Uveitis related ocular complications are documented in 25–50% of pediatric patients with uveitis [11, 40, 41]. Decreased visual acuity in up to 40% of patients or visual impairment in one fourth has been reported previously [13, 27, 40]. Pediatric patients with the most severe uveitis are at most risk for ocular complications, and 20–75% of them will gradually develop visual impairment due to complications of uveitis, such as cataract, glaucoma, band keratopathy or macular edema [11, 14, 15]. The rate for uveitis related visual loss seems to have diminished during the last decade, and Markomichelakis et al. recently reported 23% visual loss in pediatric patients with posterior uveitis and 20% in those with panuveitis [15]. However, most of our study patients had anterior uveitis, which is linked to less visual disturbances compared to posterior location of uveitis.
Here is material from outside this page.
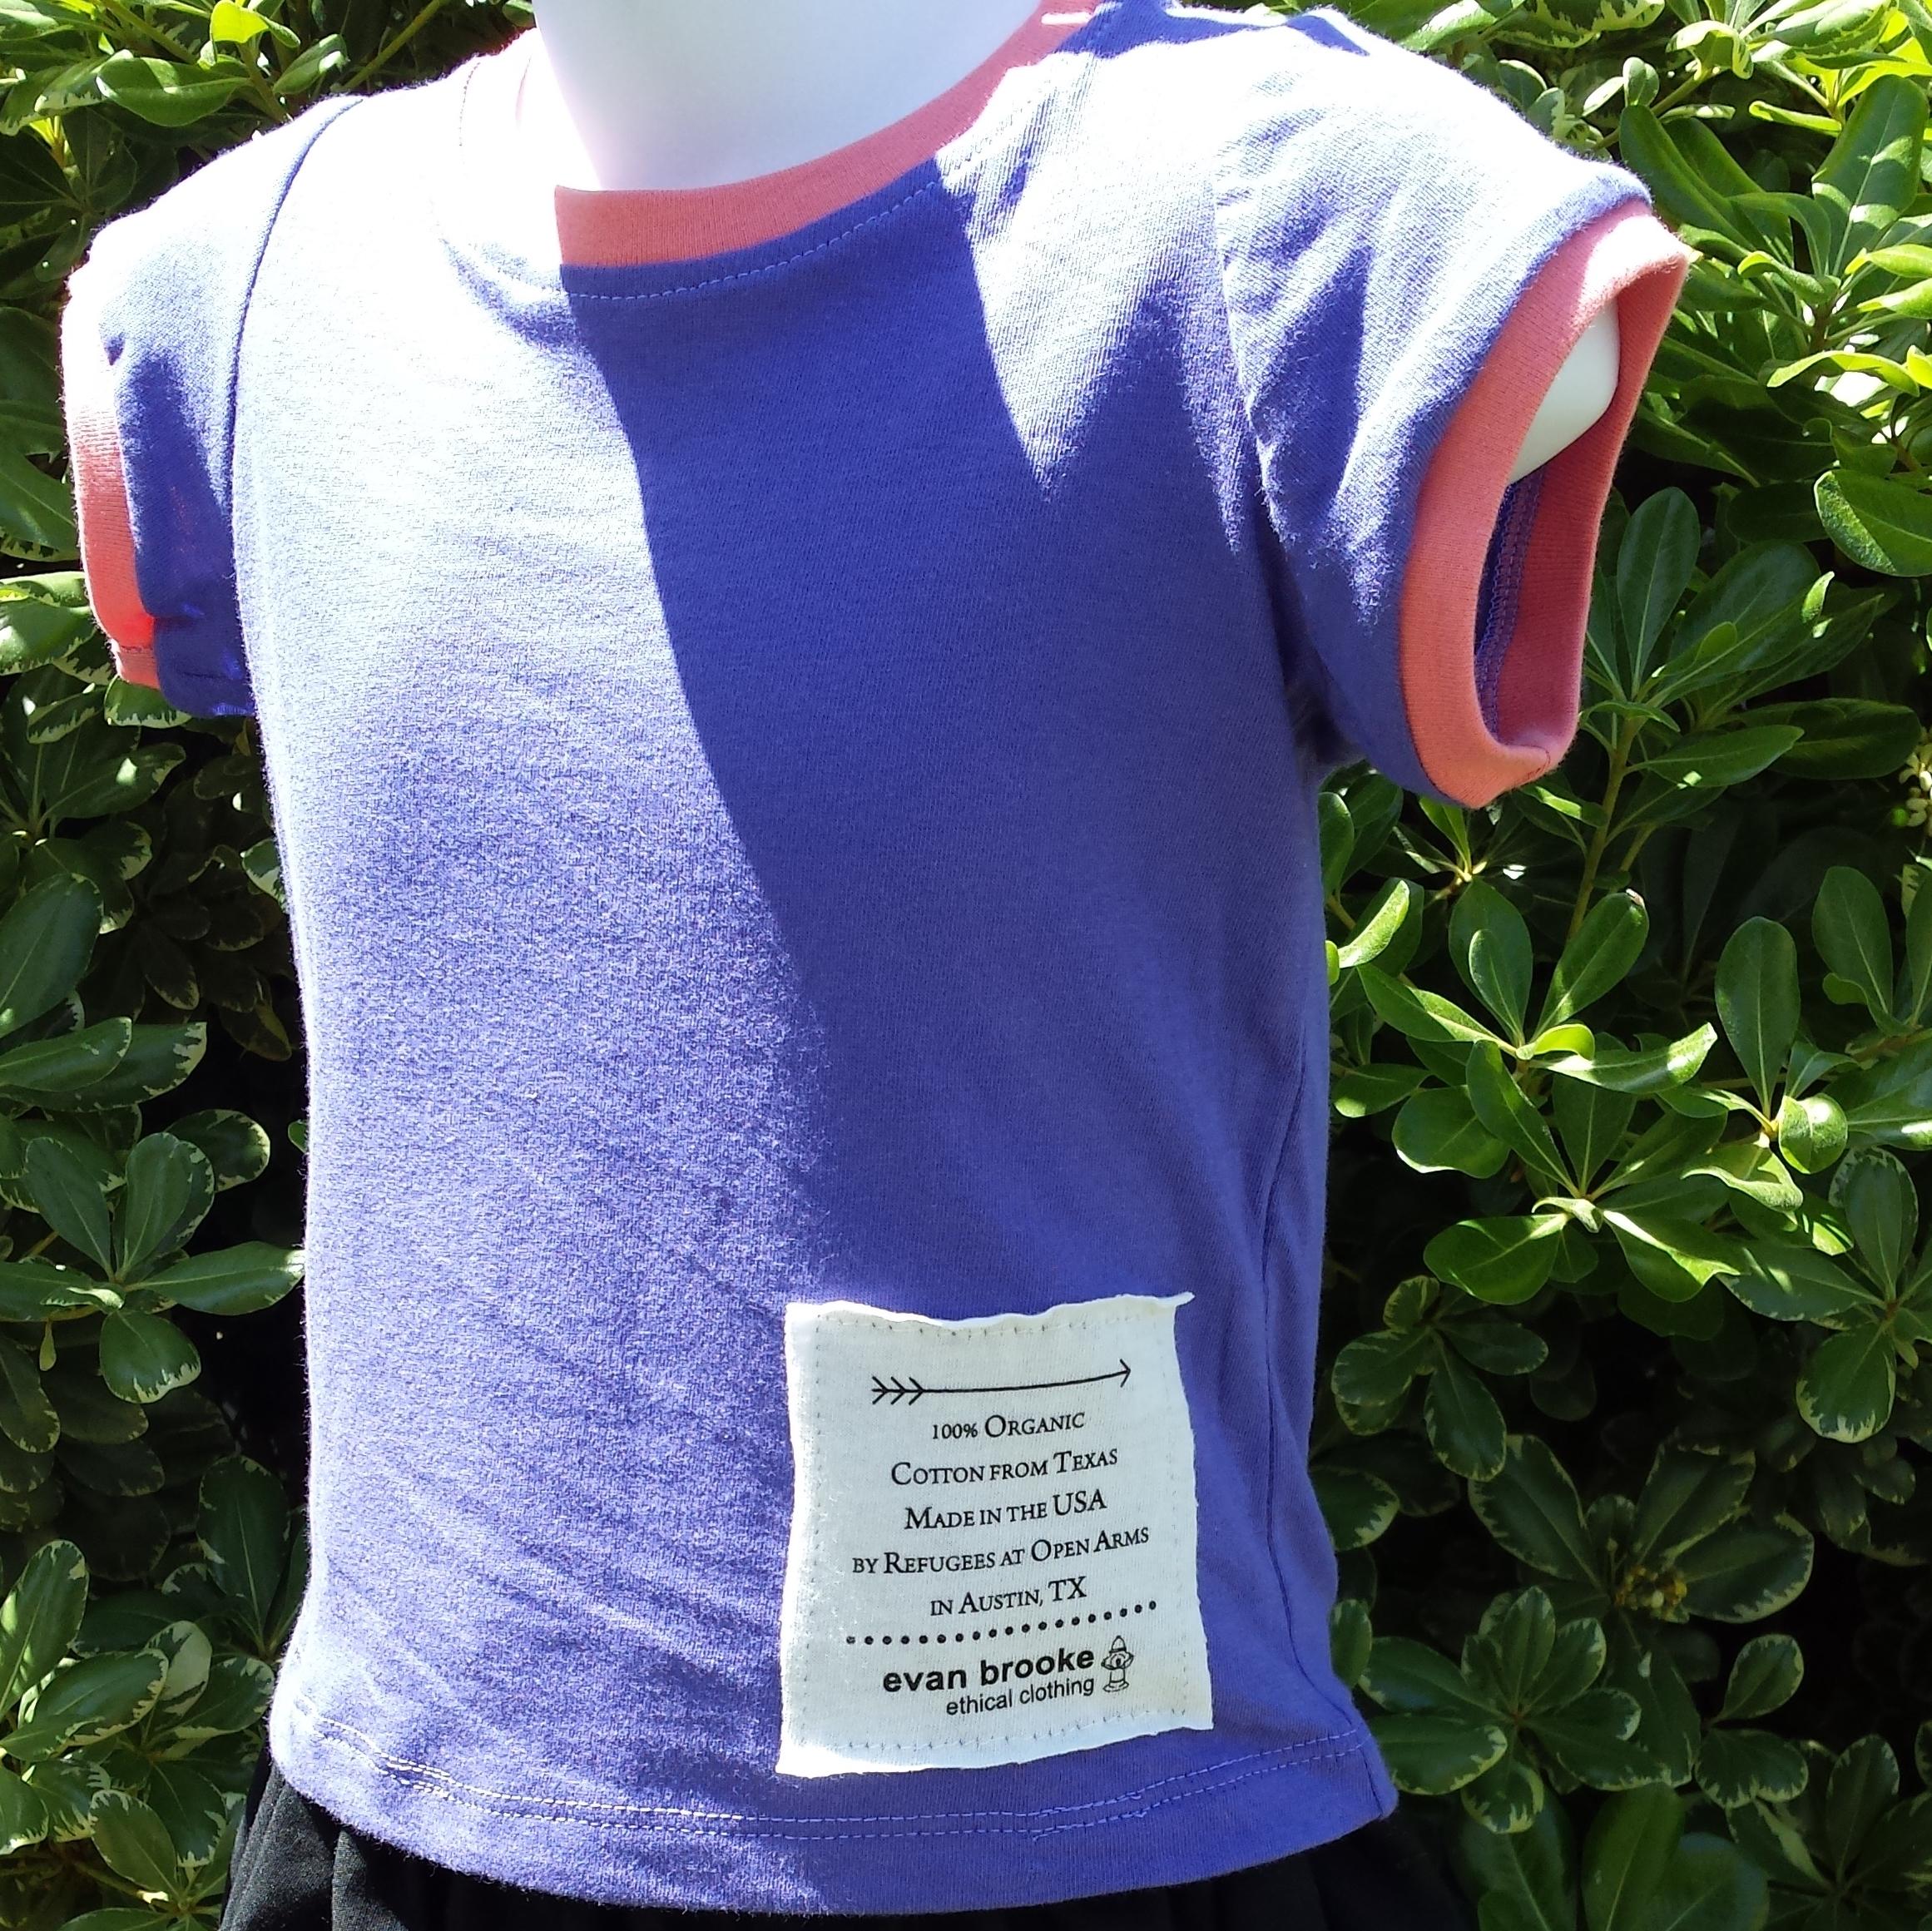 texas grown and sewn shirt organic cotton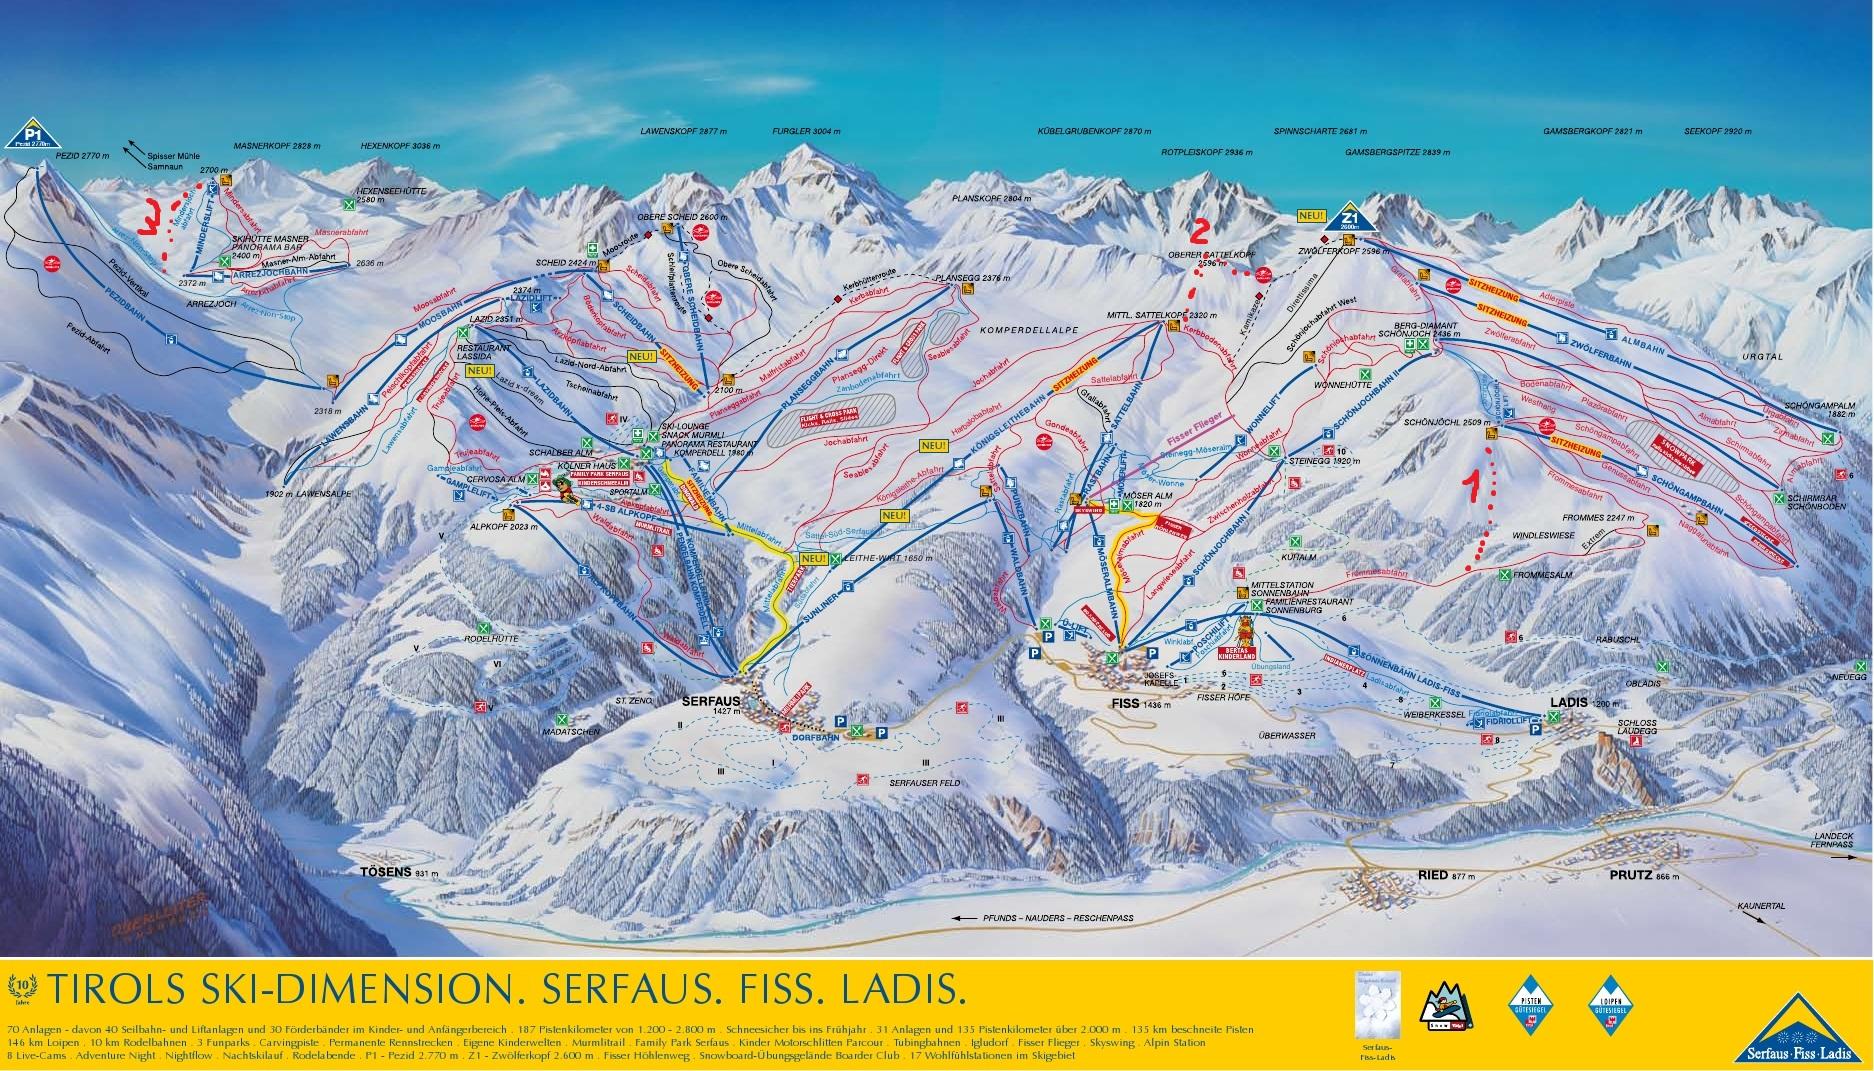 Ski Dimension

In our cohort almost all, 84%, of pediatric patients with either idio-U or JIA-U had normal bilateral visual acuity, and 70% had BCVA > 0.8 and 92% had BCVA > 0.5 in the worse eye. These results agree with the recent studies from Scandinavian countries demonstrating a decrease in BCVA < 0.5 in 0–5% of the patients with JIA-U [37, 42]. Only 5 patients (4%) in our cohort had BCVA < 0.3 in the worse eye, but none had bilateral visual impairment, which is in line with the previous study by Wennink et al. reporting improved visual prognosis of JIA-U in terms of decline in visual impairment from 8 to 0% after 2010 [25]. Most of the participants in the current study had JIA-U, in which vision-threatening ocular complications are rare compared to idio-U, as reported recently [25, 26].

The retrospective nature of the study is a certain limitation. Also, comparison of visual acuity especially in young children at various stages during their normal vision development is challenging. To solve this, we determined visual acuity at the end of the follow-up when vision was comparable to the standard values used commonly in adults. A long follow-up and a fully covered population-based cohort of children with idio-U or JIA-U might be considered as strengths of the study. However, further studies in larger populations are needed to fully elucidate the impact of modern treatment on long-term visual outcomes and the rates for visual impairment due to pediatric uveitis.

Conclusions

Our results show improvement in visual prognosis of idio-U and JIA-U in children. Early diagnosis of uveitis and efficient treatment with modern medications including DMARDs and bDMARDs are crucial in preventing visual loss. The rate for visual impairment has decreased and no patient in the present study population developed visual impairment.